Problem to work on:
The reply should hold every line of the listing exactly, and none of its images.

*** Opening Data segment ***

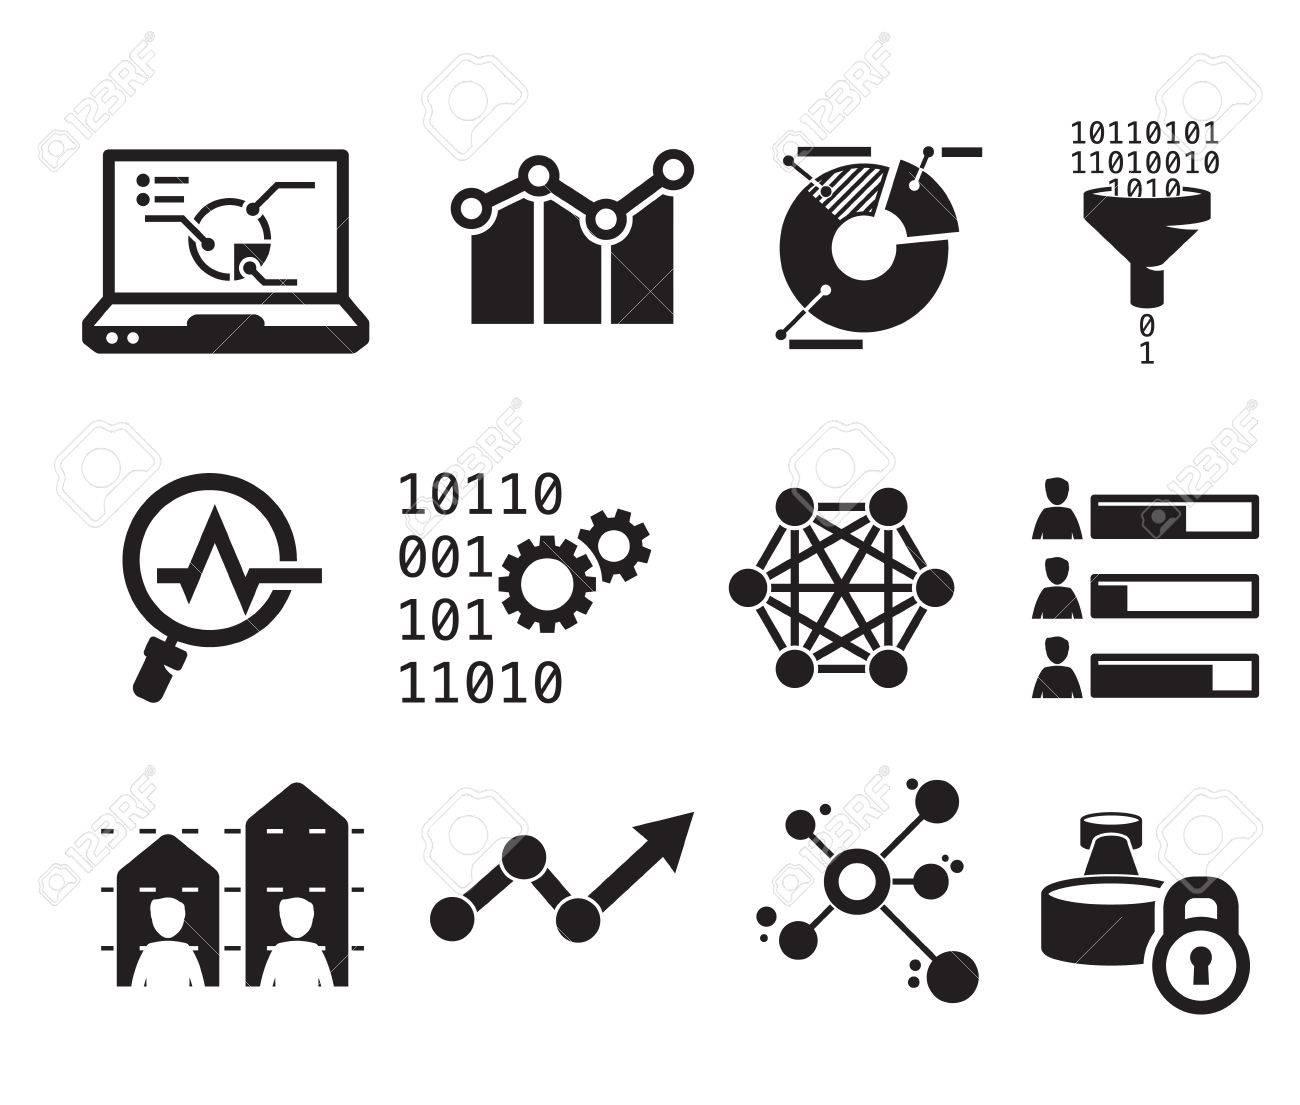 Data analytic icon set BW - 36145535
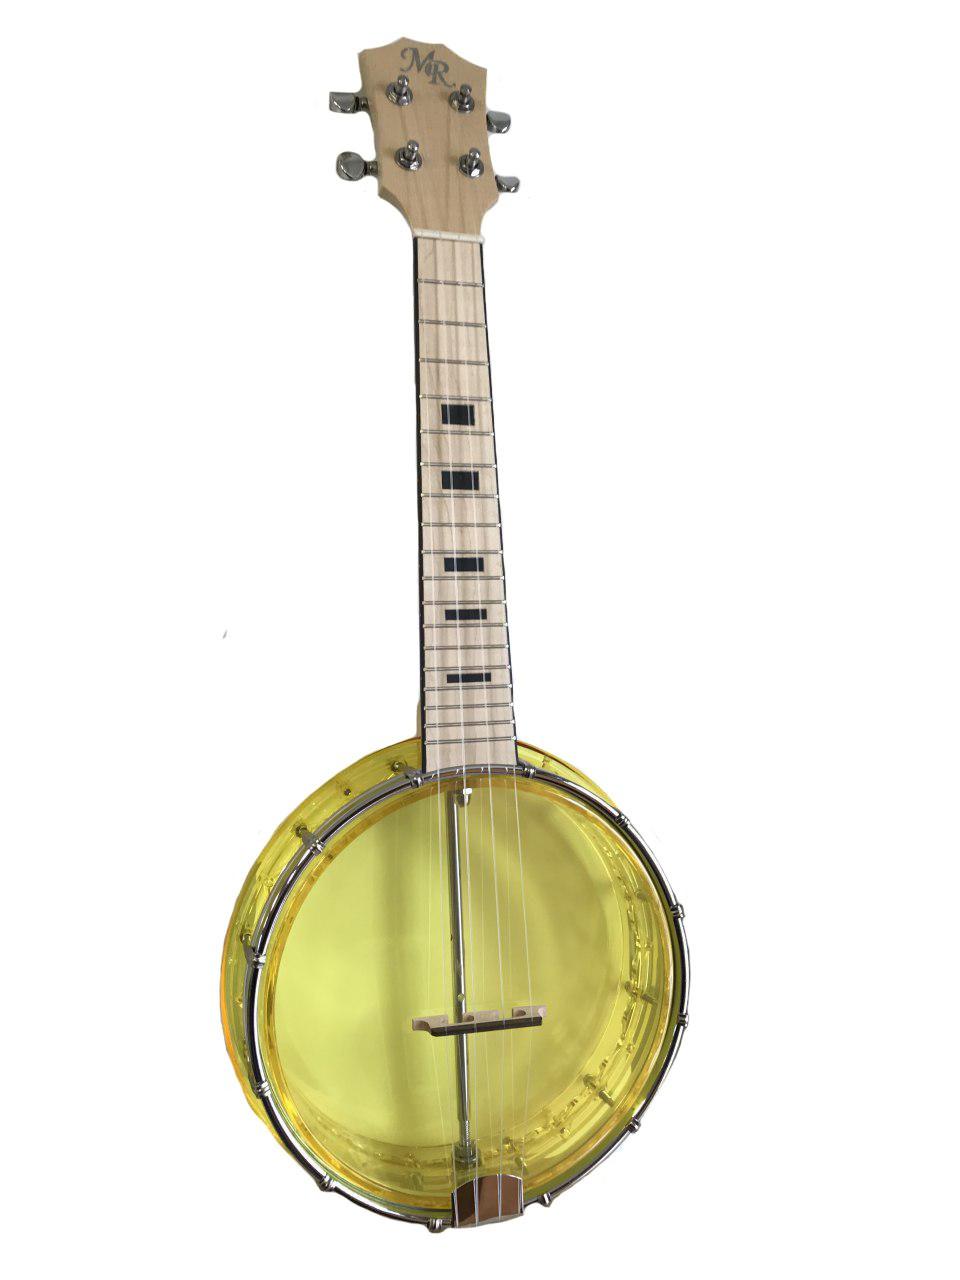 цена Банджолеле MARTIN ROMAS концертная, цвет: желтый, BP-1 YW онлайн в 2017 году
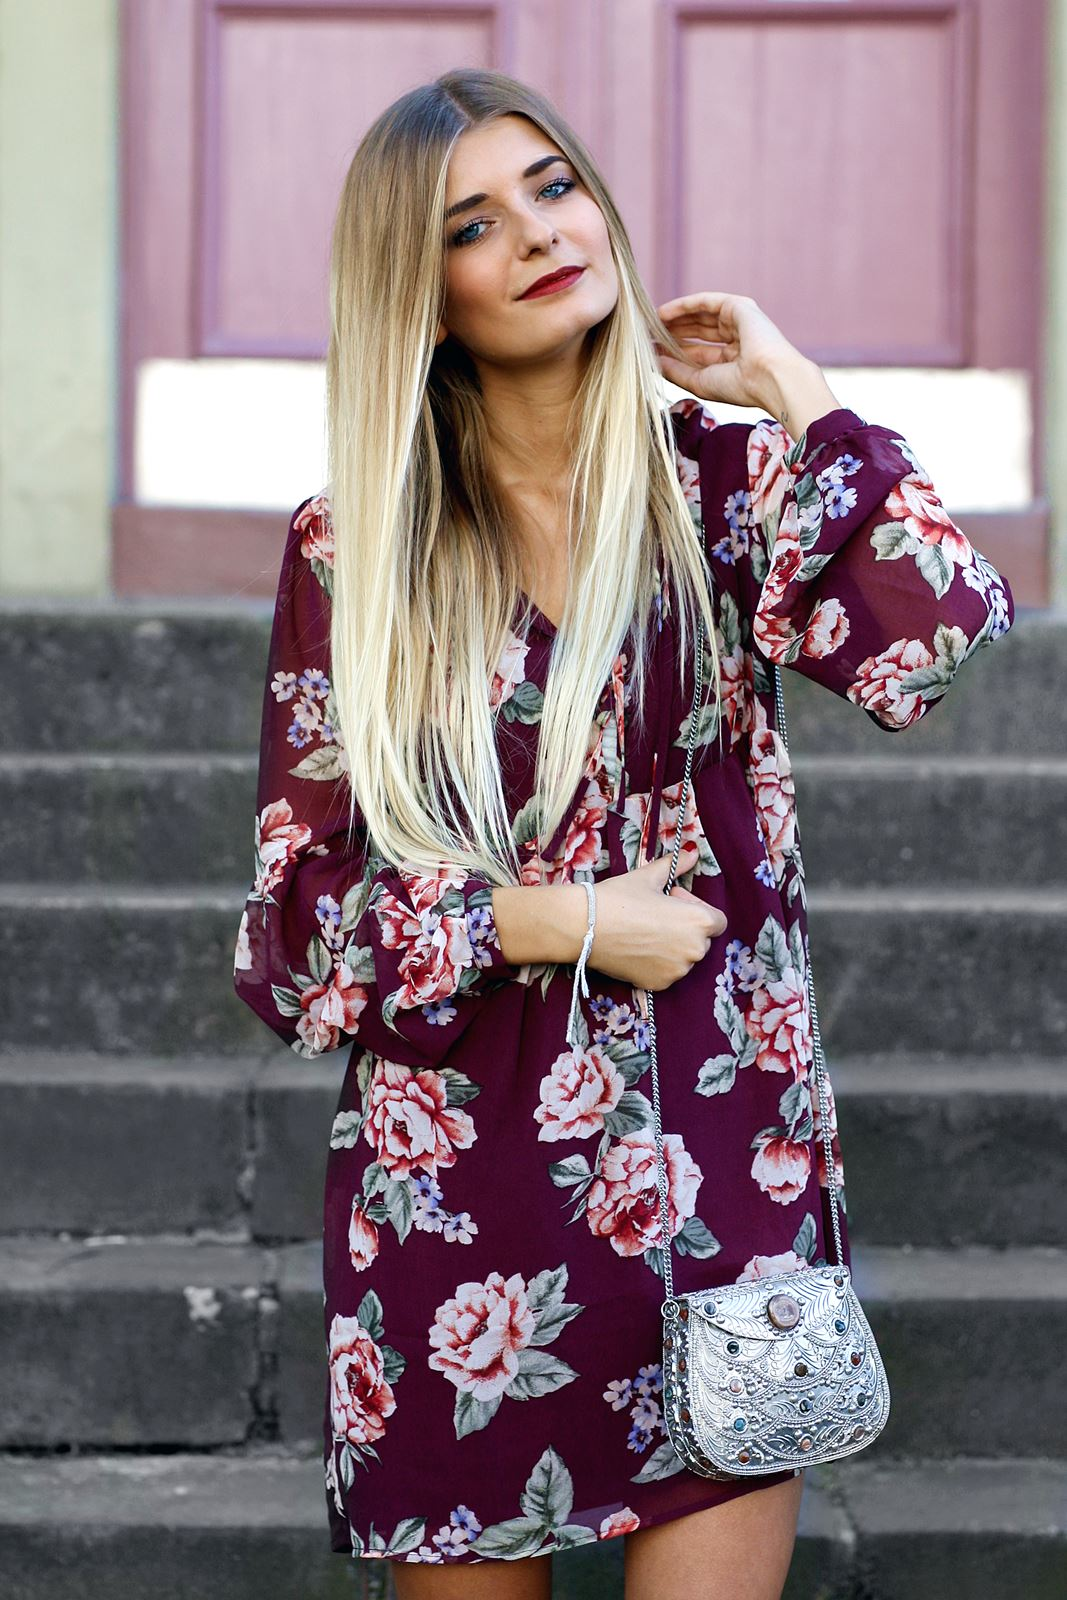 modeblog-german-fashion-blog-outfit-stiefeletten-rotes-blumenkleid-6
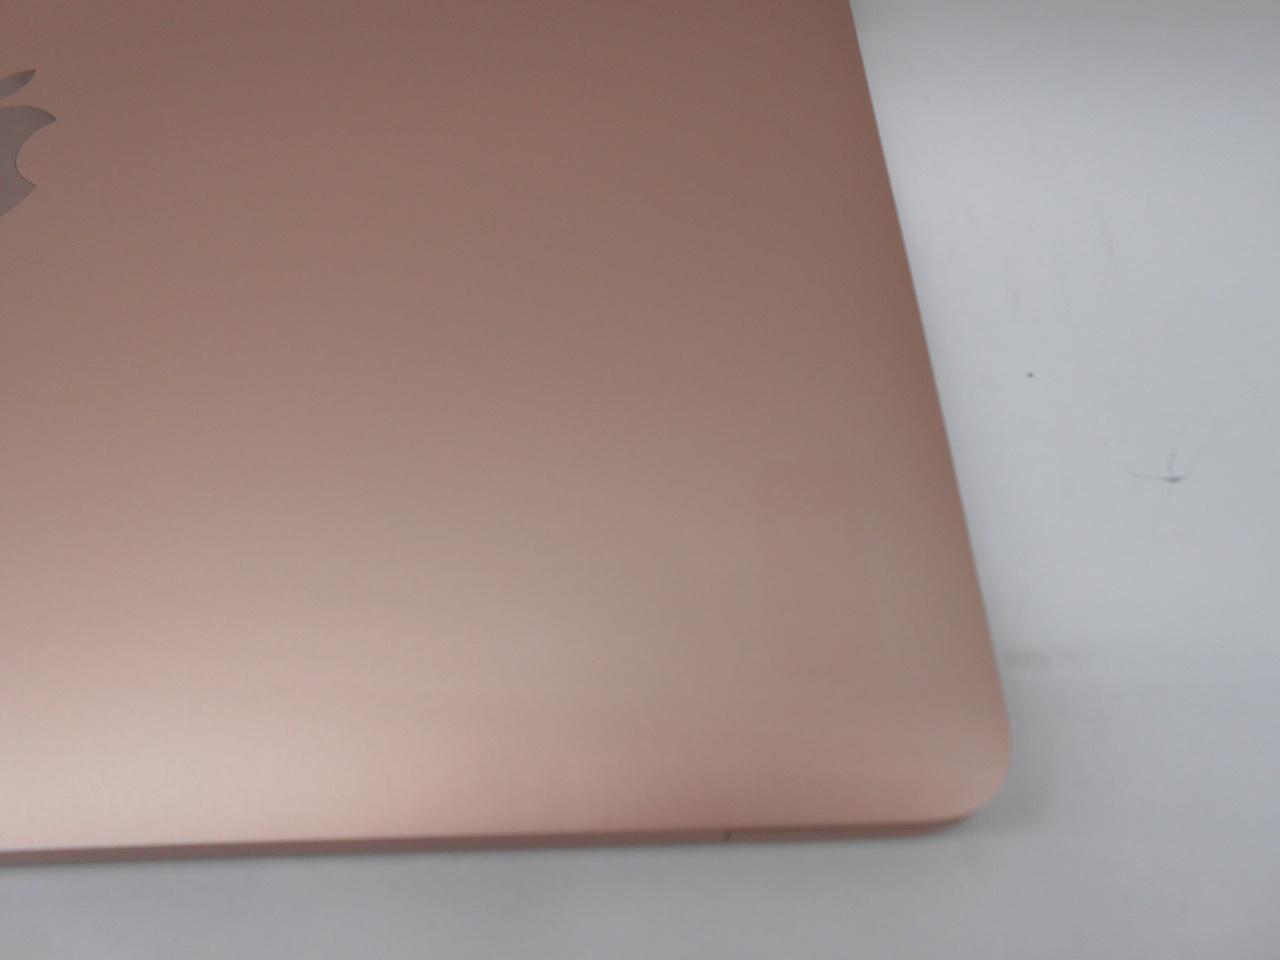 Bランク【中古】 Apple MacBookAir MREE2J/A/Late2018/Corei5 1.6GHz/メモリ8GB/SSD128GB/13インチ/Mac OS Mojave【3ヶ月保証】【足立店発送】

*** Closing Data segment ***

Answer to the problem:
 Data analytic icon set BW - 36145535
 цена Банджолеле MARTIN ROMAS концертная, цвет: желтый, BP-1 YW онлайн в 2017 году
 modeblog-german-fashion-blog-outfit-stiefeletten-rotes-blumenkleid-6
 Bランク【中古】 Apple MacBookAir MREE2J/A/Late2018/Corei5 1.6GHz/メモリ8GB/SSD128GB/13インチ/Mac OS Mojave【3ヶ月保証】【足立店発送】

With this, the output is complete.